Это она добавила шепотом.

– Интересно, – князь вытер губы. – Очень интересно. И многое объясняет.

– Что?

– К примеру, как ему удавалось уводить девушек. Я читал материалы. Он забирал их. Без шума. Без… – взмах вилкой. – Не привлекая ненужного внимания. Самый простой вариант – роман… тайный или явный. Но тут тоже сложности. У некоторых из девиц были… женихи? Скажем, так… а это неудобно… зачем рисковать, нарываясь на ревнивца? Опять же, почему ни одна не упомянула о поклоннике? Ни подругам. Ни коллегам… ладно бы рассказ, но хотя бы маленькие оговорочки. Женщинам, да и мужчинам, руку на сердце положа, сложно хранить секреты. Это факт. А вот если представить, что не было никакого романа, но была, скажем, вербовка… маленькие грехи из прошлого, которые могли навредить настоящему… ваш Особый отдел, полагаю, как и наша Канцелярия, изряден подобные прегрешения находить.

– Да.

Не стоило заводить этот разговор, и все же… если дело одно, если он прав… оба правы, ведь сама Катарина думала о том же…
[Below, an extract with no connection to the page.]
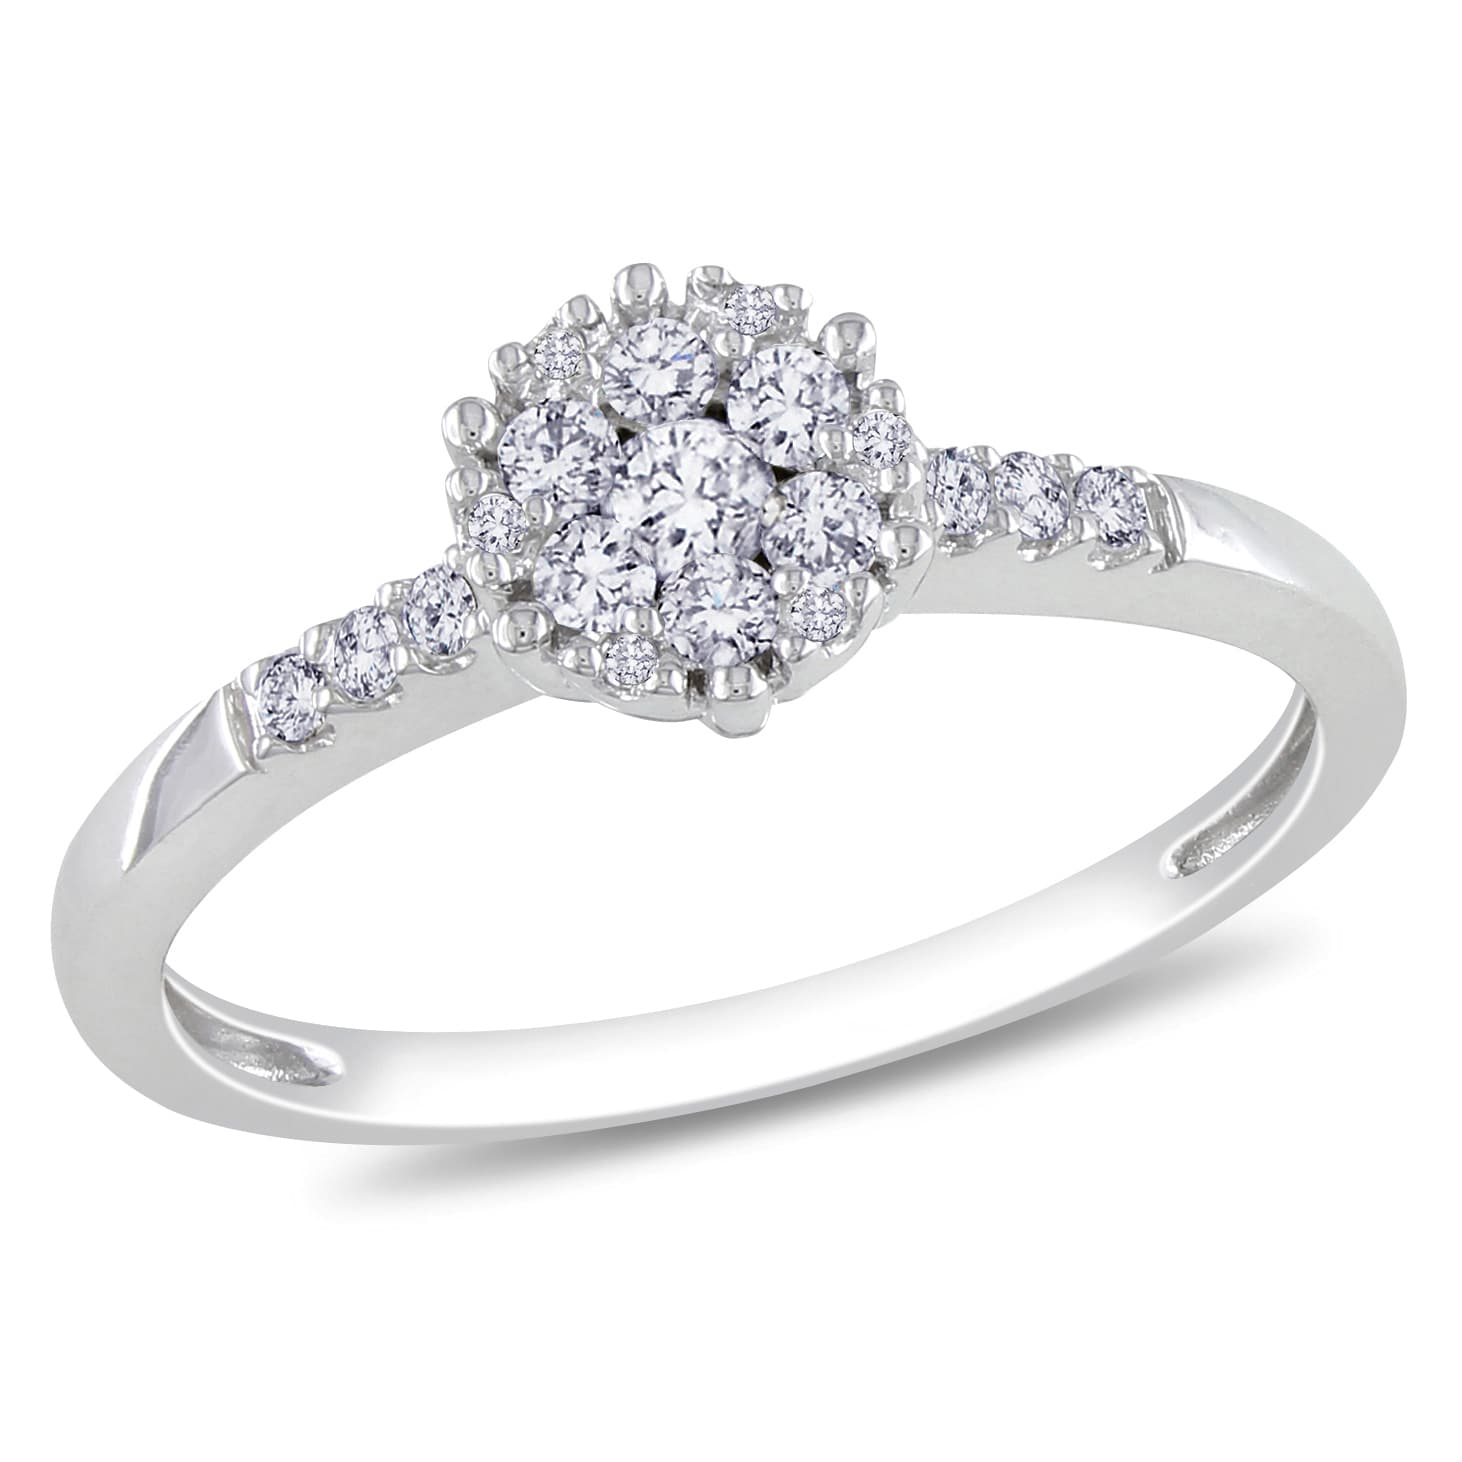 Miadora 14k White Gold 1/4ct TDW Diamond Cluster Ring

– Тайные свидания… и молчание логично. Они боялись, что кто-то узнает о… скажем так, работе. Никто не любит доносчиков. И если в какой-то момент он назначал встречу в тихом и укромном месте, они приходили. Сами. Добровольно. А там… Особый отдел – это ведь неплохая физическая подготовка? И дар… сродни нашим ведьмакам. Позволит оглушить. И затереть следы. Да… и с гробами складывается.
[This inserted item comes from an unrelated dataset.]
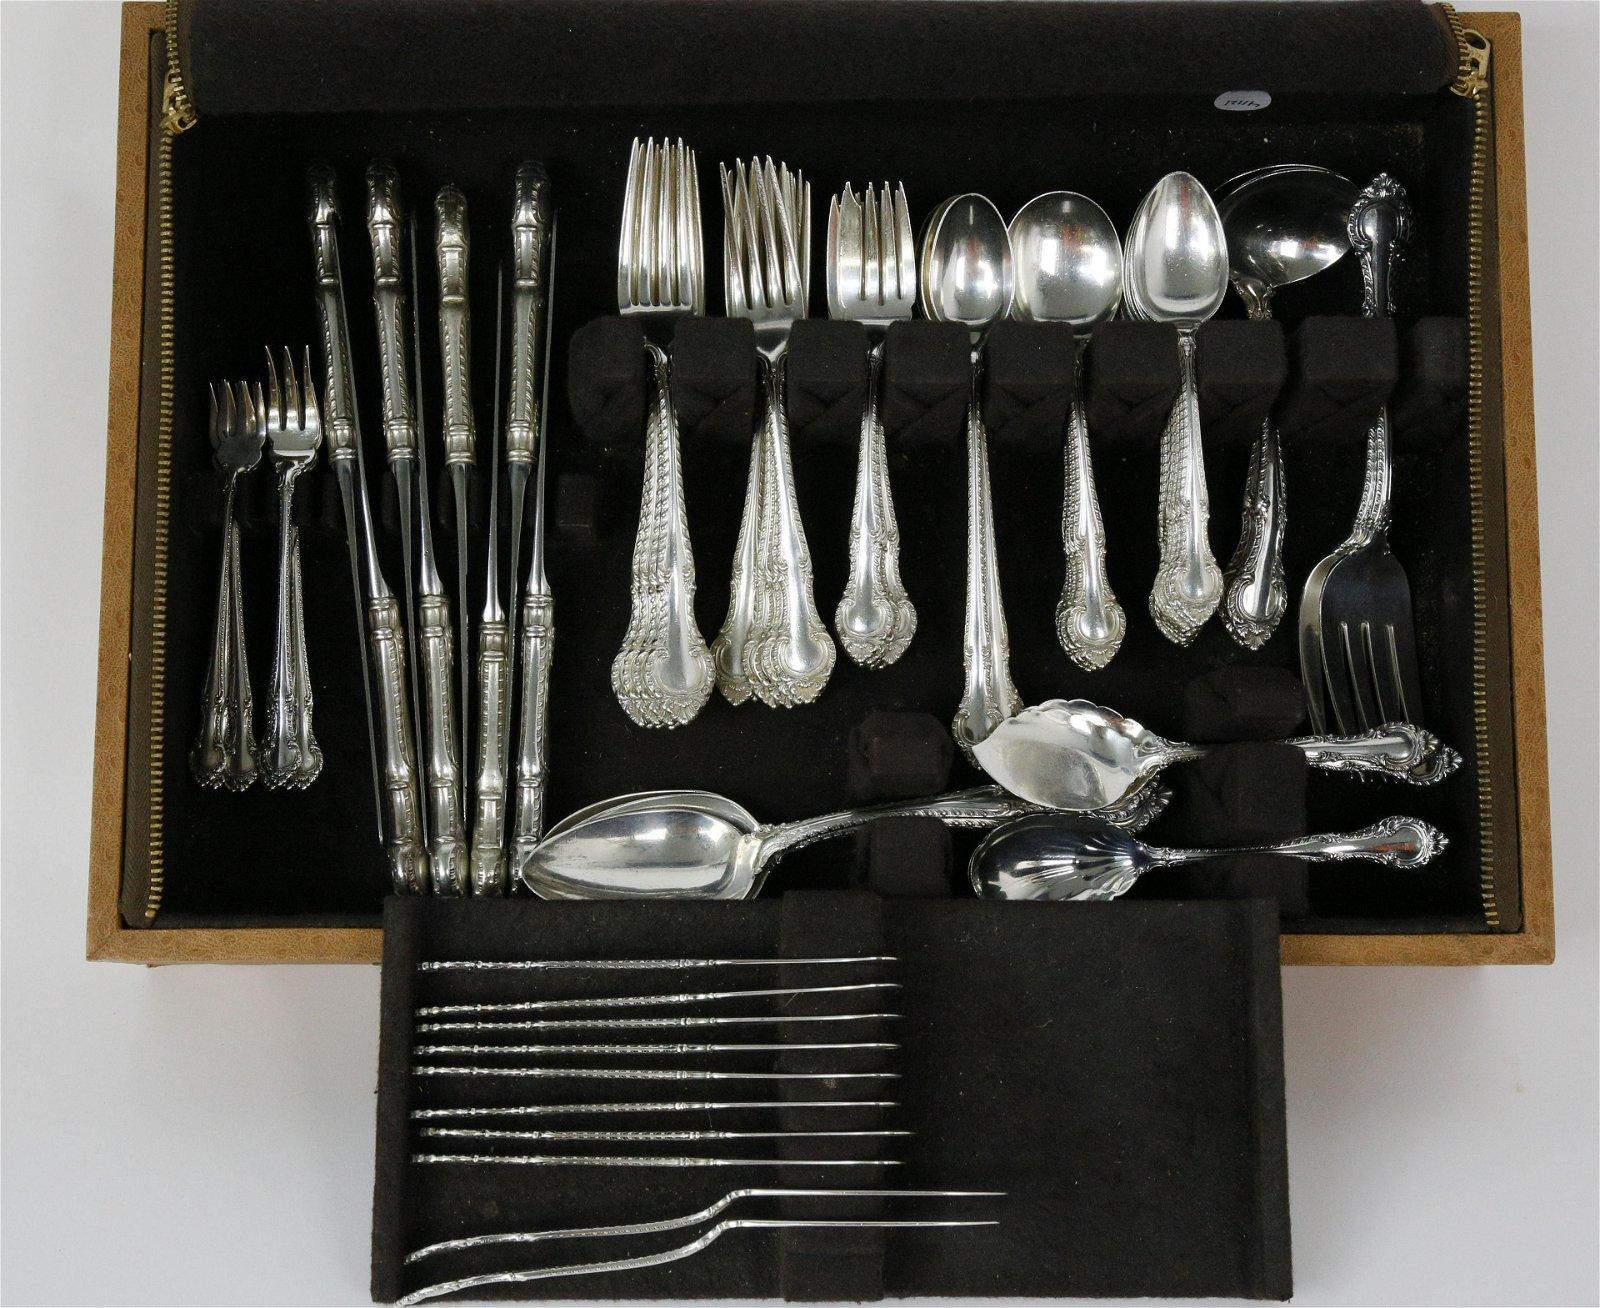 94 Piece Gorham Sterling Silver Flatware Service in

– Что складывается? – несколько нервозно поинтересовалась Катарина, у которой гробы вовсе ни с чем не складывались.

– Трупы, – Себастьян поднялся, оставив на столе пару злотней. И ручку подал. – Предлагаю прогуляться, мне в движении думается легче. Итак, как можно переправить крупный и неудобный груз? А труп крайне неудобный груз. Тяжелый. Объемный. Тропой? Представьте, что вы тащите тело, пять пудов веса минимум… и ладно, девица сама пришла… а вот наш живописец? Он был связан с контрабандистами, но… мелочевка… особые заказы, как вы сами выразились. Пара-другая ботинок и тело – две очень большие разницы.
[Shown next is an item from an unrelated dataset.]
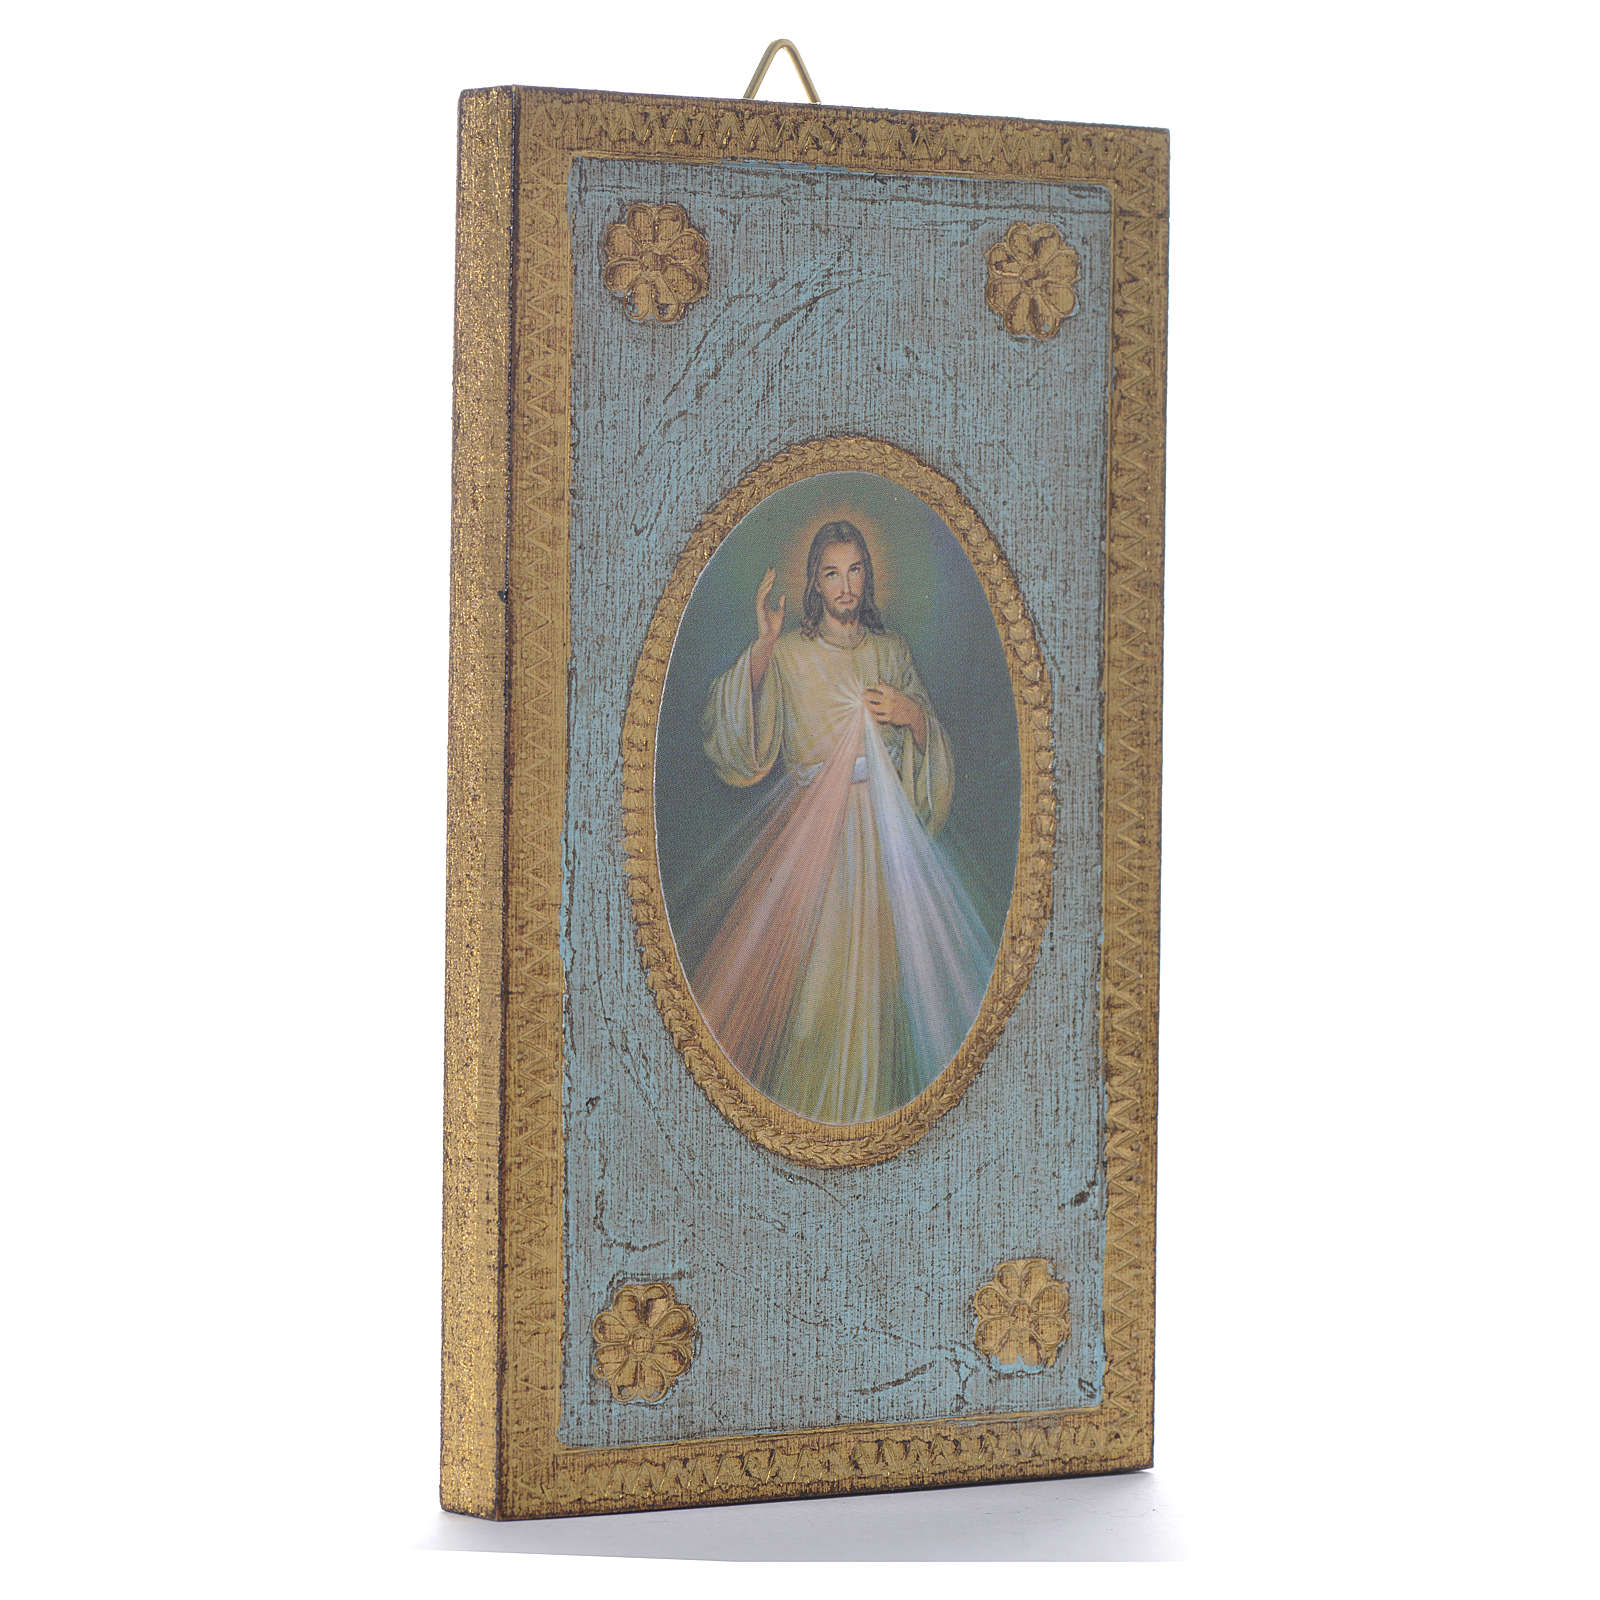 Stampa su legno Divina Misericordia 12,5x7,5 cm 3

Он подал пальтецо, которое самой Катарине показалось вдруг до отвращения нелепым. Из серой вяленой шерсти шитое, оно сидело не слишком-то удачно, делая плечи шире, а на спине подымаясь пузырем.

– Нет, тайными тропами этакое сокровище перевезти можно, но уж больно затруднительно. Остается что?

У него же – перчатки из тончайшей кожи.

А вот шапку князь не носит. И зря, ветра тут дуют холодные, и уши застудить легче легкого.

– Что? – эхом переспросила она, натягивая вязаную зеленую шапочку, подаренную коллегами на прошлый день рожденья. Шапочка была нелепой, но на удивление теплой, а большего ей и не надо было.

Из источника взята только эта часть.